# Wyoming Wildlife.



## fixed blade XC-3 (Sep 11, 2007)

My old man, Fixed Blade Sr. Went out cross-country skiing and took these photos not to far from his house. They are pretty cool so I thought I would share.


----------



## orvis1 (Sep 7, 2007)

Looks like grand teton national park to me, you guys live there?


----------



## Loke (Sep 7, 2007)

Is that one of those "big coyotes"?


----------



## Al Hansen (Sep 7, 2007)

Love that place.


----------



## Gumbo (Sep 22, 2007)

I climbed that one!


----------



## fixed blade XC-3 (Sep 11, 2007)

orvis1 said:


> Looks like grand teton national park to me, you guys live there?

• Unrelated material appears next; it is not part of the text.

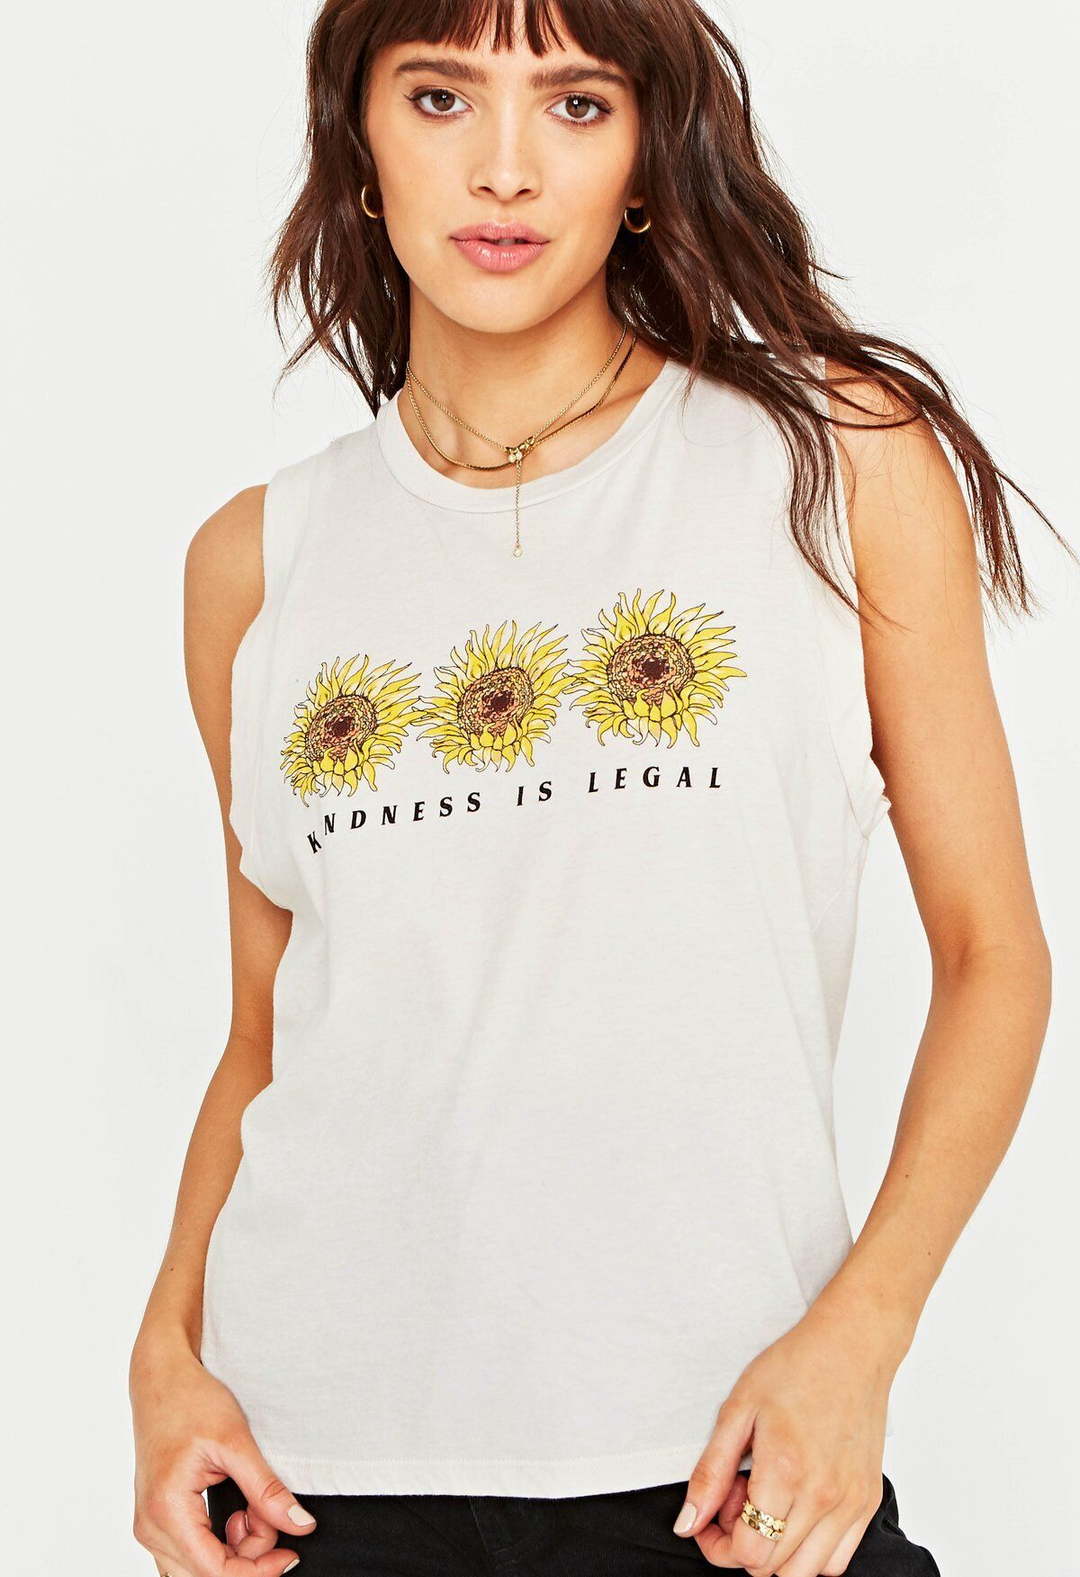 Kindness Is Legal Tank - Kingfisher Road - Online Boutique
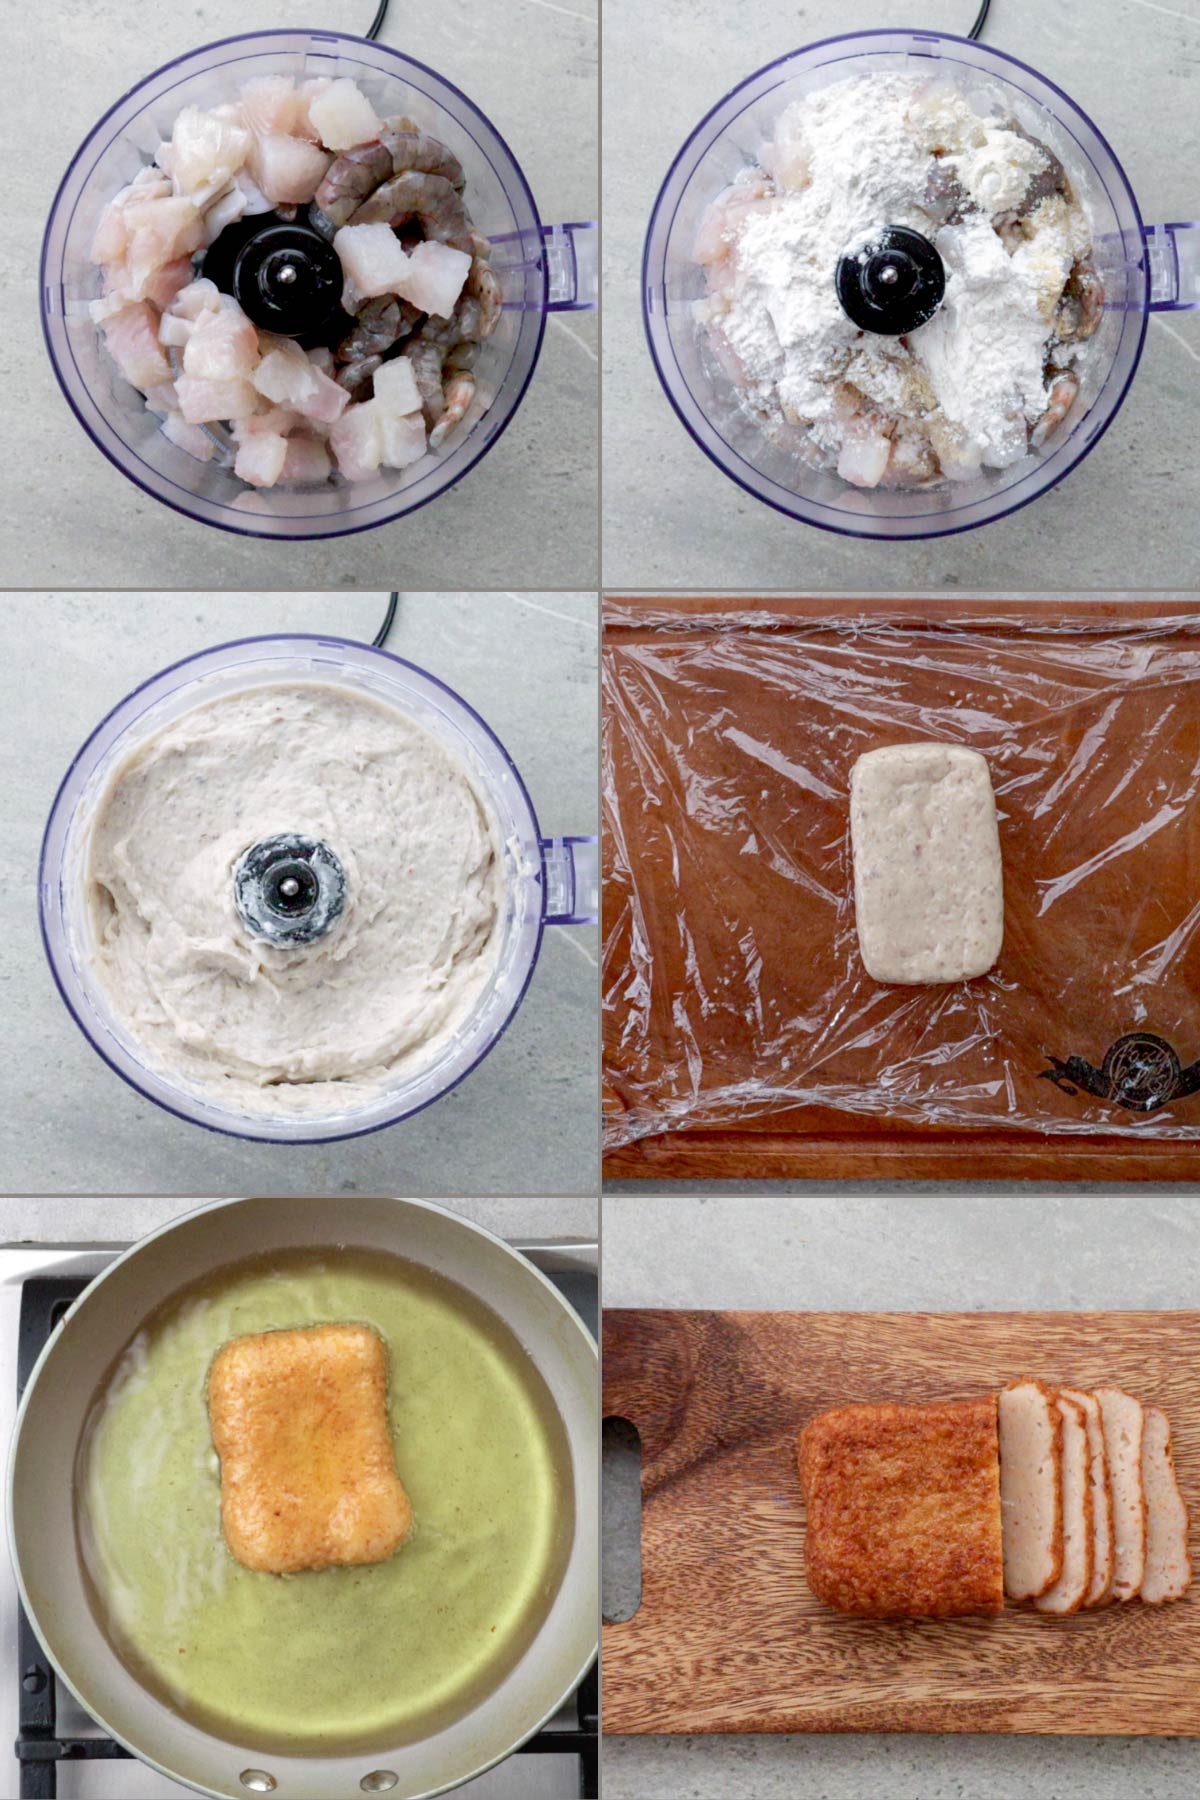 Steps on how to make Eomuk.

My dad live in Jackson. I wish I lived up there.



Loke said:


> Is that one of those "big coyotes"?


Sr. got within 40 yrds of this coyote, he said it could care less he was there. The coyotes have to be extra fluffy with the 30 below temps they get there. :mrgreen:


----------



## Nibble Nuts (Sep 12, 2007)

Loke said:


> Is that one of those "big coyotes"?


I'm not sure, we need more confirmation. Next time he should take his rifle to confirm this species. :?


----------



## InvaderZim (Sep 7, 2007)

Dang! Cool.


----------



## schaueelab (Dec 30, 2007)

Very nice remindes me of when i lived in Island Park wildlife everywhere!!


----------



## LOAH (Sep 29, 2007)

The first shot is breathtaking. The rest are way cool, but that first one humbles me.


----------



## fixed blade XC-3 (Sep 11, 2007)

Loah have you ever been to grand teton national park? The picture doesn't even come close to doing it justice. Plus the fishing their is fantastic. :wink:


----------



## Riverrat77 (Sep 7, 2007)

Very cool pictures.... the moose are awesome.


----------



## Wdycle (Sep 11, 2007)

Nice Moose!!


----------



## .45 (Sep 21, 2007)

Good job on the pic's fixed blade..!!!  

Those were taken with a normal type camera? Nice close-up on the 'muse'.. :mrgreen:


----------



## fixed blade XC-3 (Sep 11, 2007)

I actually think its a pretty fancy camera, but I asked the old man how far the "muse" were and the answer was only 50 yrds.


----------



## dkhntrdstn (Sep 7, 2007)

I love those pic of the mooses. cant wait to go after one of them.


----------